Каждое маленькое нарушение одиночества кажется событием: шаги в коридоре, появление надзирателя, визит в уборную. Вчера на вопрос, нет ли у нее заявлений, она попросила дать ей вещи из ручного саквояжа. Выбрала: зеркальце, пудру и большой красный шелковый платок, подарок своей подружки, юной, очаровательной Пепиты — жены Сиднея Рейлли [1]. Разрешили только платок. Теперь она кладет его в изголовье на жесткий тюфяк и вспоминает. Милая Пепита, как она плакала, как умоляла не ехать с Андреем Павловичем в Россию! Все повторяла: «Он коммунист! Коммунист!..»
Сегодня в камеру принесли две книги. Одна из них — «Сердца трех» Джека Лондона. С каким наслаждением бросилась читать! Вот где герои так герои — красивы, храбры, благородны! Не то что этот Андрей Павлович! Сердца трех… Их тоже сейчас трое здесь — Борис Викторович, муж и она, — трое, таких близких и таких недостижимых… Спать, спать…
Только заснула — будят:
— На допрос!
Такие здесь привычки — допрашивать ночью.
Пустые коридоры. За открытой настежь дверью ходит человек в белой блузе. Наверное, доктор, на случай, если допрос произведет слишком сильное впечатление…
Снова лестницы, коридоры. Лабиринт.
Надзиратель отворяет наконец дверь.
В большом полуосвещенном кабинете вокруг стола сидят три человека. Один из них — Пилляр. Указывает на кресло напротив себя, приглашает садиться.
«19 августа.…Стоячая лампа с желтым абажуром освещает моих следователей. Из них старшему тридцать лет. На стене, в тени, портрет Ленина. Ленин читает «Правду».
— Мы вас не будем допрашивать. Мы хотим с вами побеседовать и ничего не запишем. Расскажите вашу биографию.
Я рассказываю.
— Значит, вы больше парижанка, чем русская?
— Да, я всегда жила во Франции и во Франции же училась — в одном из лицеев Парижа. Я была в России только однажды, в 1917 году, после революции.
— Вы говорите, что были членом «Союза защиты Родины и Свободы», а товарищи ваши отрицают это. Что же, значит, они говорят неправду? — строго перебивает Пилляр.
— Да, они хотят меня спасти.
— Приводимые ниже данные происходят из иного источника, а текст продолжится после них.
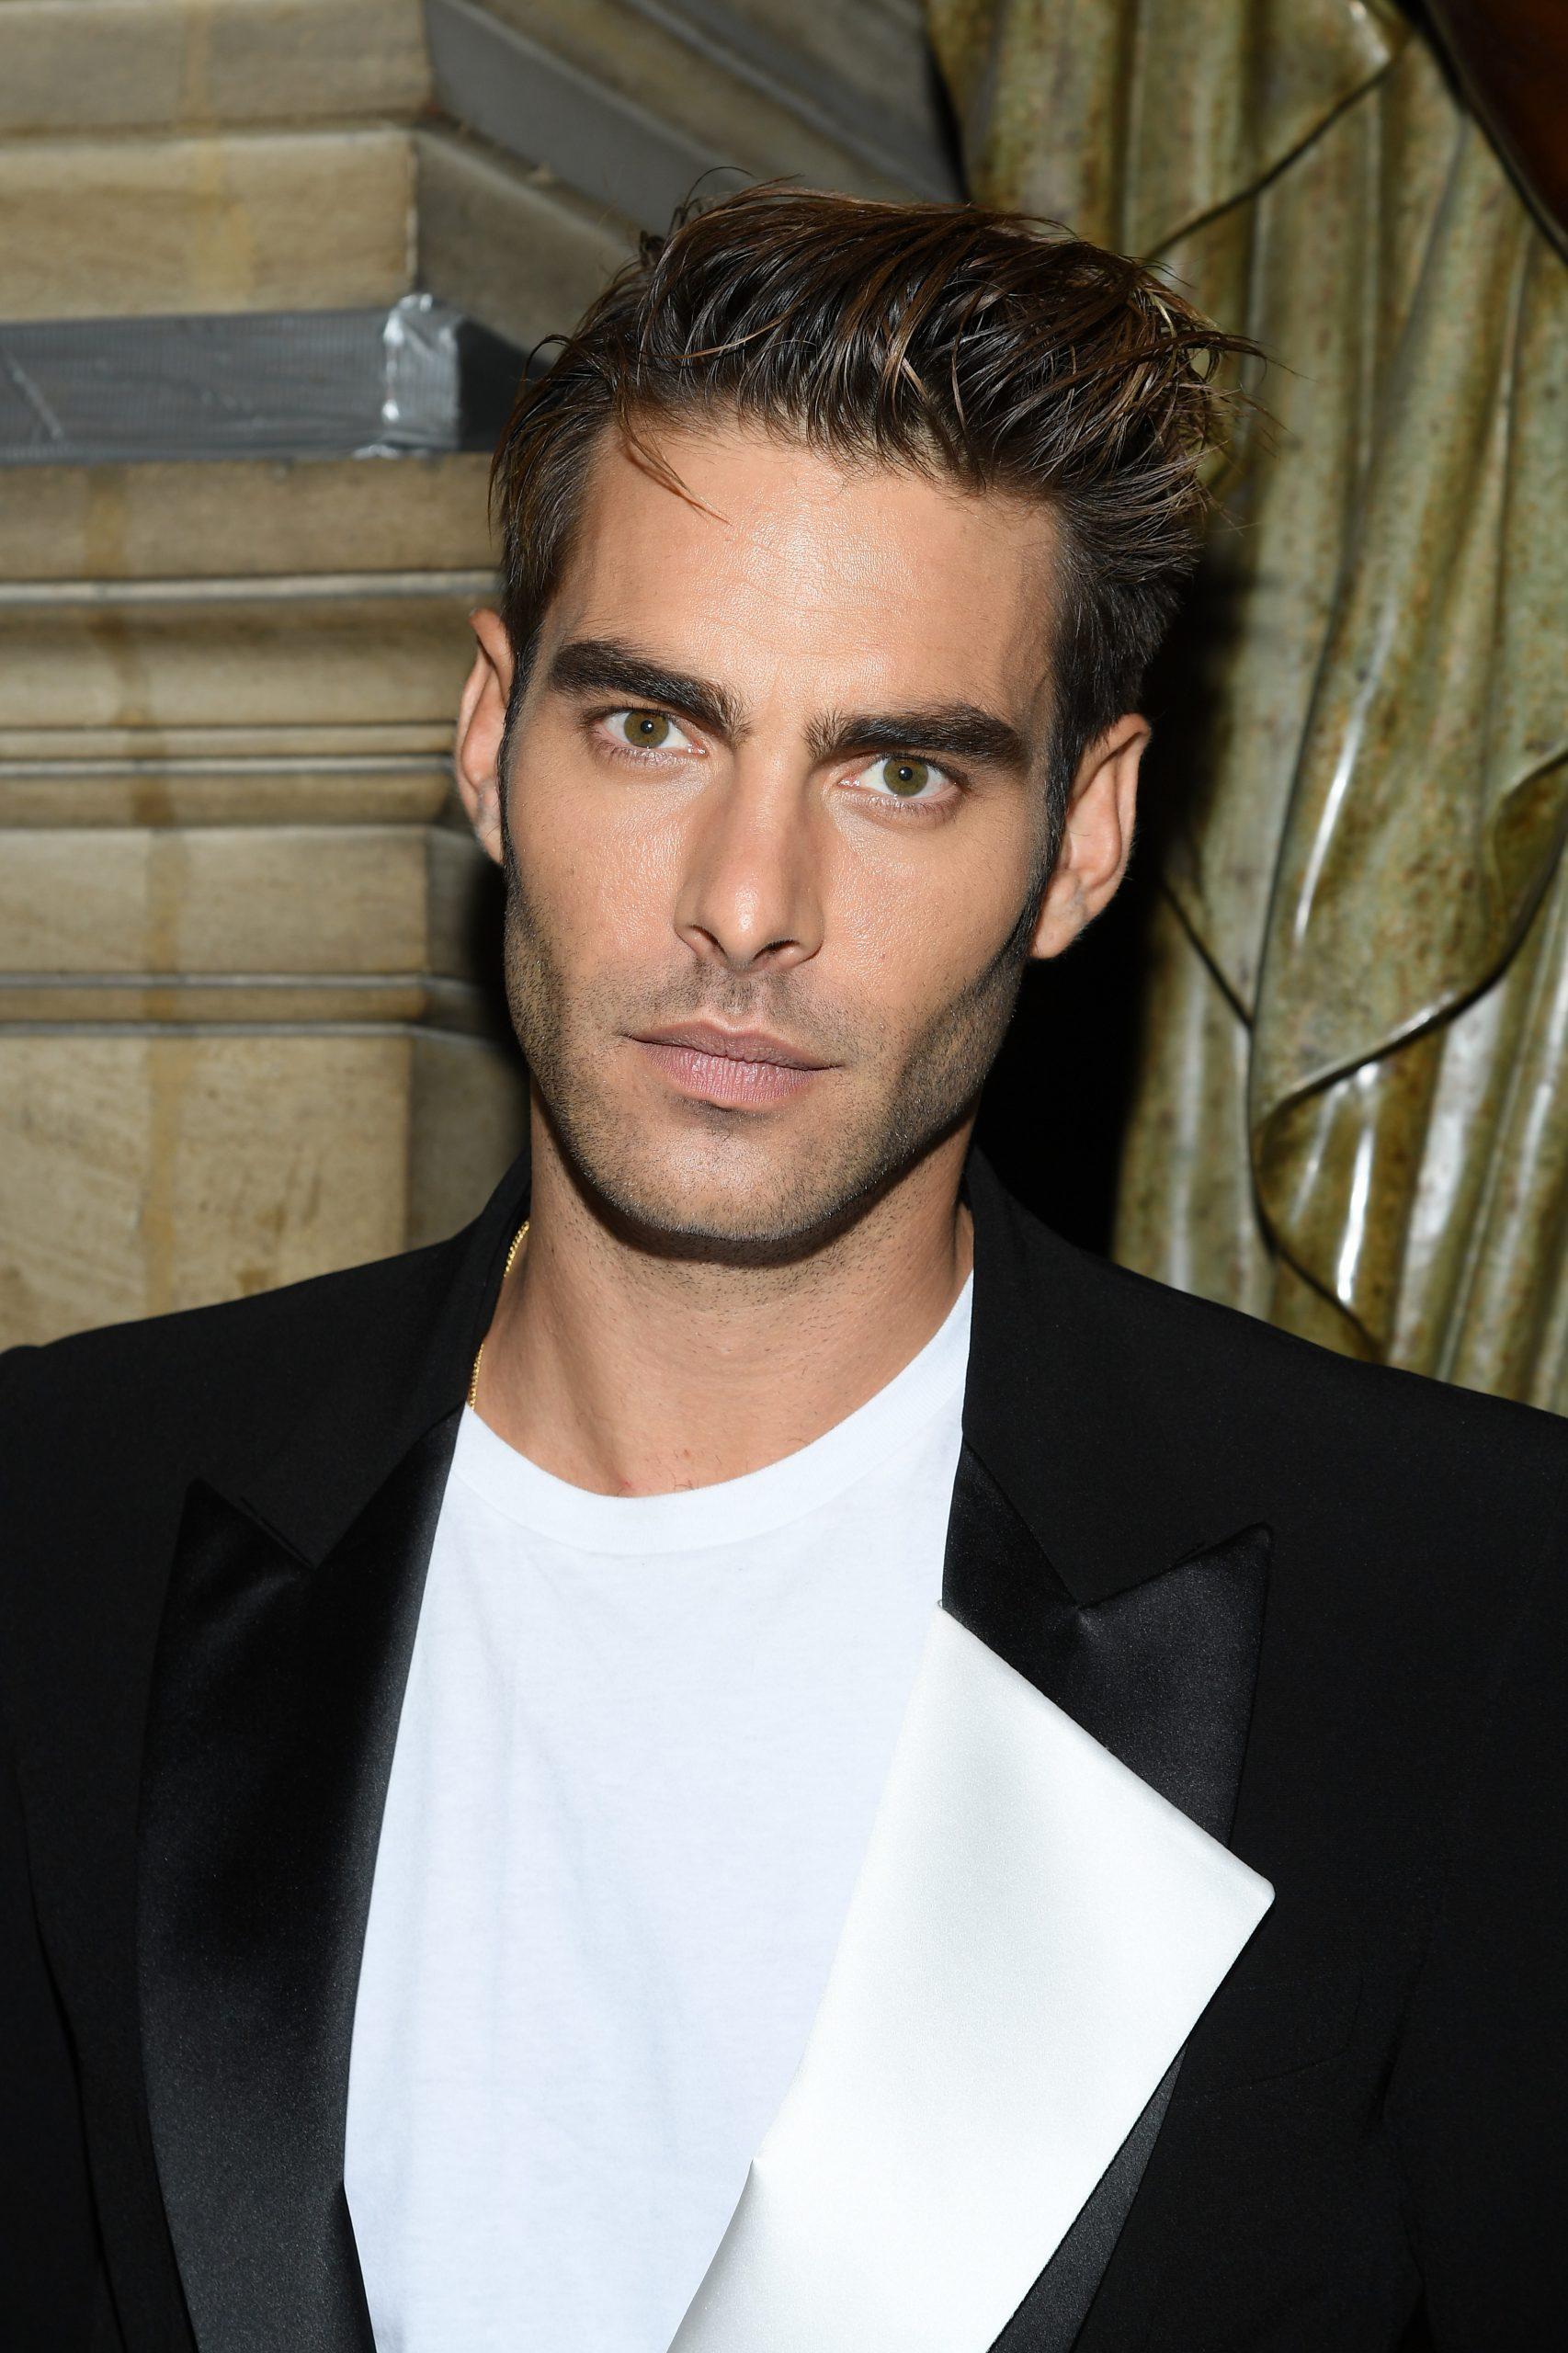 Peinado con tupé: El modelo Jon Kortajarena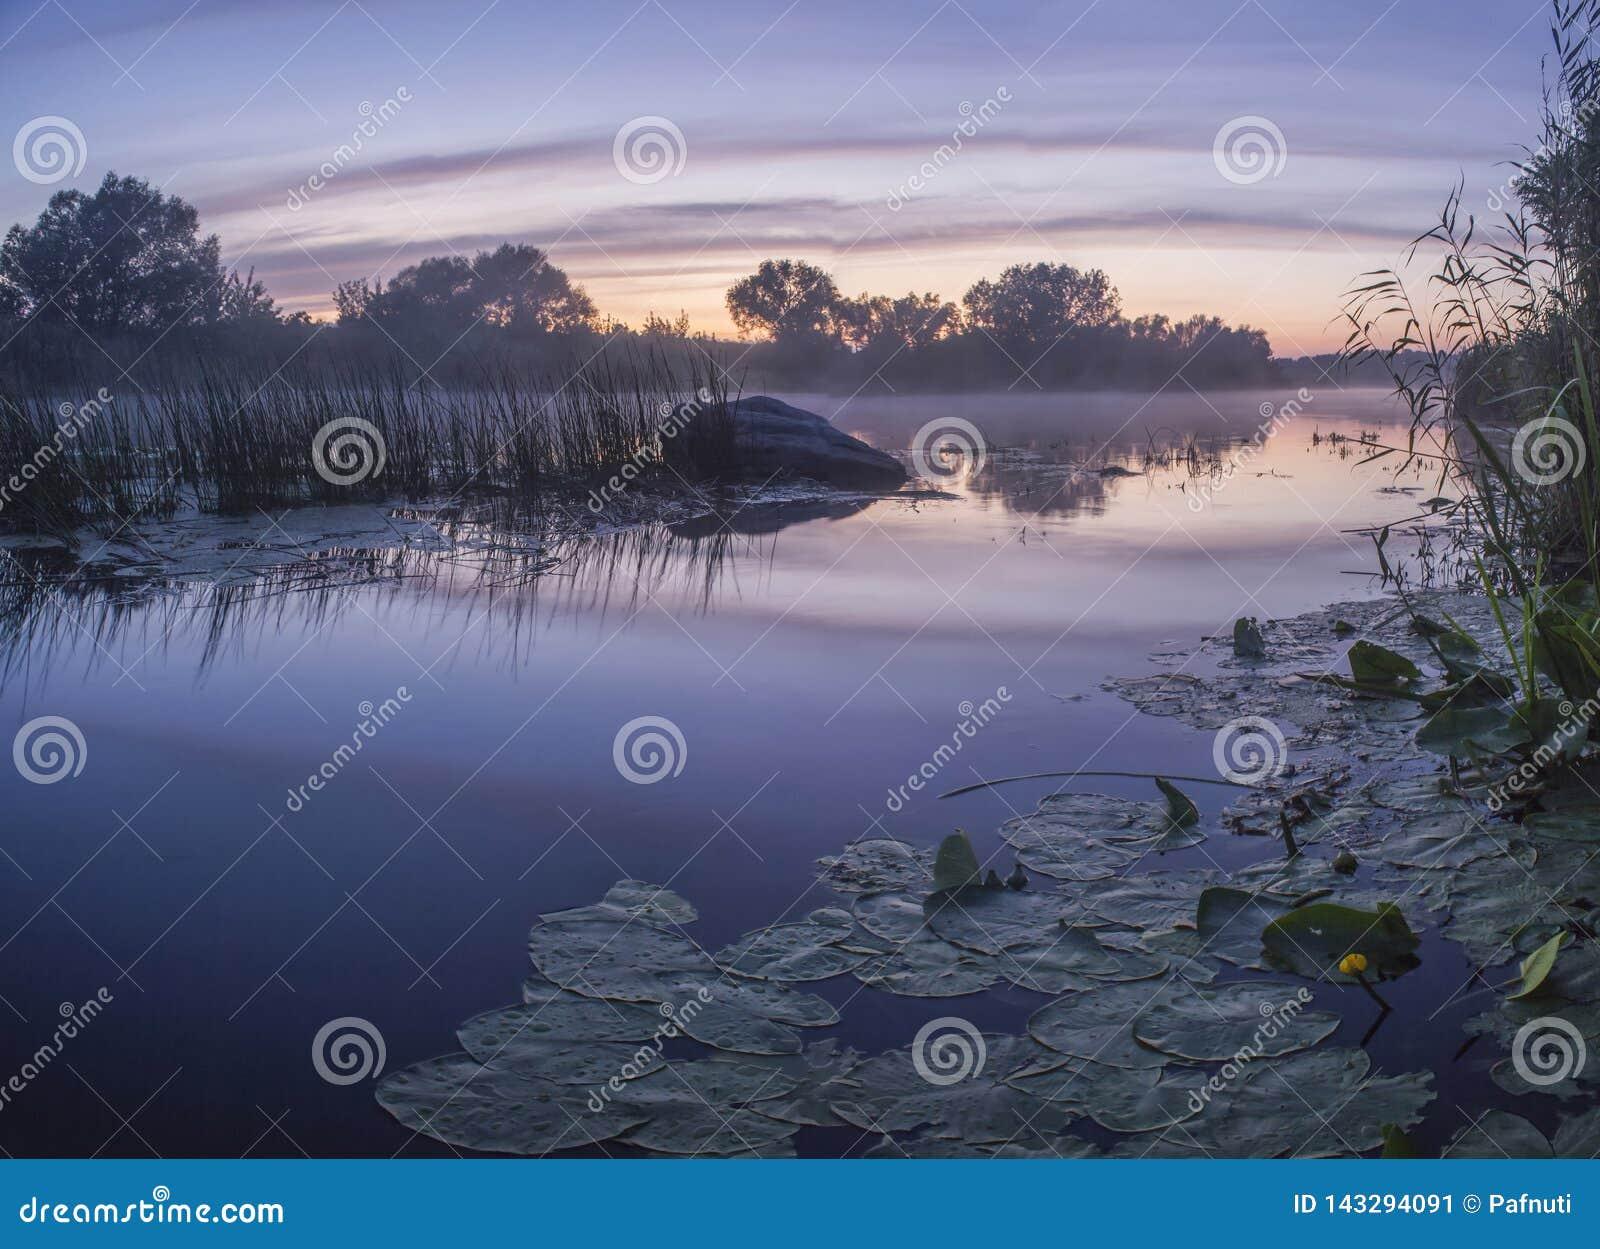 Mgłowy lato krajobraz z małą lasową rzeką

На их месте вы, вероятно, сделали бы то же…
Меня расспрашивают о Ярославском восстании и о нелегальной работе в Москве. Но я не чувствую никакого давления: никто не требует, чтобы я называла фамилии. [Называть их я отказалась сразу…]
— Вы говорите, что вы патриоты. Как же вы могли идти против России вместе с поляками? Сообщать полякам наши военные тайны и исполнять обязанности шпионов? Я не патриот, но этого я понять не могу, — говорит Пилляр с негодованием.
Я возражаю:
— Мы не шли против России. Мы шли против вас. Во время русско-японской войны многие русские революционеры радовались победам японцев. Они полагали, что поражения ослабляют царизм и подготавливают революцию. Так и мы. Борясь против коммунистов, мы боролись за родину и свободу.